- Haludpukur Location in Jharkhand, India Haludpukur Haludpukur (India)
- Coordinates: 22°36′36″N 86°08′19″E﻿ / ﻿22.6101°N 86.1385°E
- Country: India
- State: Jharkhand
- District: East Singhbhum

Area
- • Total: 6.35 km^{2} (2.45 sq mi)

Population (2011)
- • Total: 10,485
- • Density: 1,650/km^{2} (4,280/sq mi)

Languages*
- • Official: Hindi, Urdu
- Time zone: UTC+5:30 (IST)
- PIN: 831002
- Telephone/STD code: 0657
- Vehicle registration: JH 05
- Literacy: 78.97%
- Lok Sabha constituency: Jamshedpur
- Vidhan Sabha constituency: Potka
- Website: jamshedpur.nic.in

= Haludpukur =

Haludpukur (also referred to as Haludpukhur, Haldipokhar) is a census town in the Potka CD block in the Dhalbhum subdivision of the East Singhbhum district in the Indian state of Jharkhand.

==Geography==

===Location===
Haldipokhar is located at .

===Area overview===
The area shown in the map "forms a part of the Chota Nagpur Plateau and is a hilly upland tract". The main rivers draining the district are the Subarnarekha and the Kharkai. The area lying between Jamshedpur and Ghatshila is the main industrial mining zone. The rest of the district is primarily agricultural. In the district, as of 2011, 56.9% of the population lives in the rural areas and a high 43.1% lives in the urban areas.

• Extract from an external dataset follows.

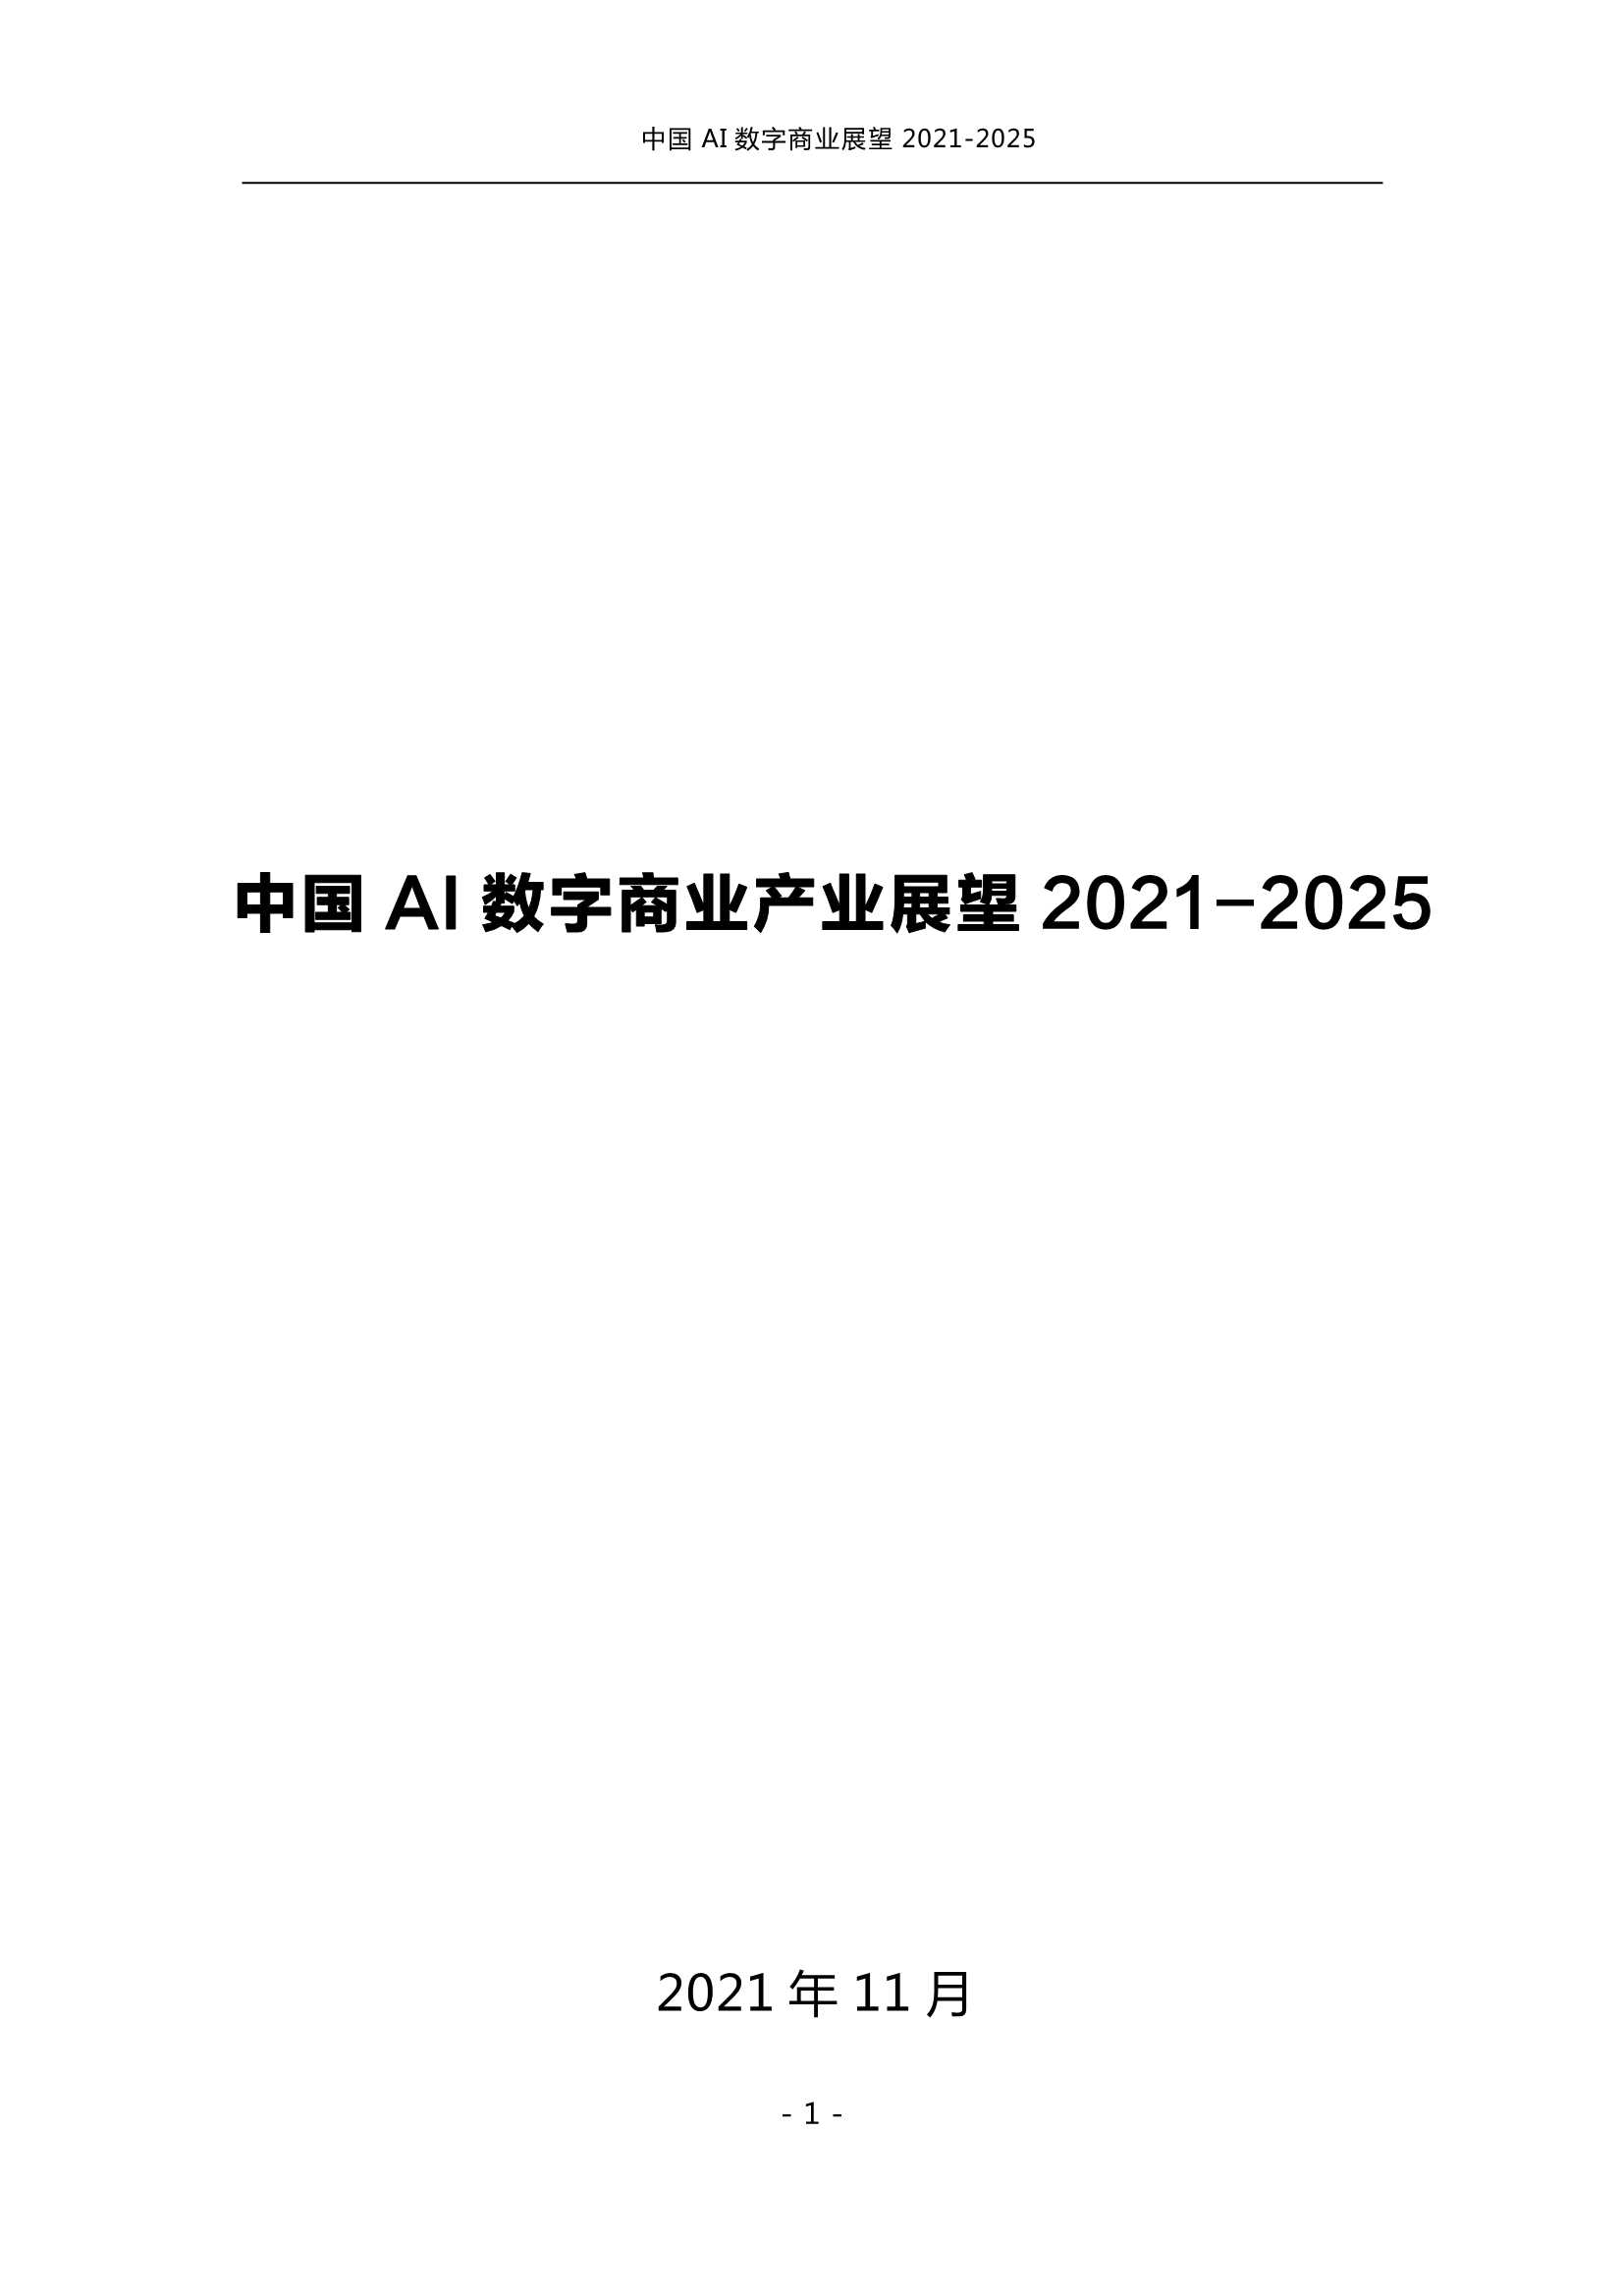 前瞻-中国AI数字商业产业展望2021-2025-2021.12-108页

Note: The map alongside presents some of the notable locations in the district. All places marked in the map are linked in the larger full screen map.

==Demographics==
According to the 2011 Census of India, Haludpukhur had a total population of 10,485, of which 5,317 (51%) were males and 5,168 (49%) were females. Population in the age range 0–6 years was 1,517. The total number of literate persons in Haludpukhur was 7,082 (78.97% of the population over 6 years).

==Infrastructure==
According to the District Census Handbook 2011, Purbi Singhbhum, Haludpukhur covered an area of 6.35 km2. It has an annual rainfall of 1,030.2 mm. Among the civic amenities, it had 5 km of roads with open drains, the protected water supply involved hand pump, uncovered well. It had 1,741 domestic electric connections, 4 road lighting points. Among the medical facilities, it had 1 hospital (with 10 beds), 35 dispensaries, 35 health centres, 10 family welfare centres, 10 maternity and child welfare centres, 7 maternity homes, 2 nursing homes, 12 charitable hospitals/ nursing homes, 1 veterinary hospital, 4 medicine shops. Among the educational facilities it had 1 primary school, 4 middle schools, 2 secondary schools, 1 senior secondary school, the nearest general degree college at Karandih, 16 km away. It had 1 non-formal education centre (Sarva Shiksha Abhiyan). Among social, cultural and recreational facilities, it had 1 stadium, 1 auditorium/ community hall. It produced bamboo baskets and leaf plates. It had the branch offices of 2 nationalised banks, 1 cooperative bank, 1 agricultural credit society.

==Transport==
Haludpukur Railway Station is on the Tatanagar-Badampahar branch line.

==Education==
Government Vidyaniketan Haldipokhar is a Hindi-medium coeducational institution established in 1960. It has facilities for teaching from class IX to class XII. The school has a playground and a library with 3,500 books, and has 2 computers for teaching and learning purposes.

Giri Bharati High School Haldipokhar is a Hindi-medium coeducational institution established in 1948. It has facilities for teaching in classes IX and X. The school has a playground, a library with 2,640 books and 1 computer for teaching and learning purposes.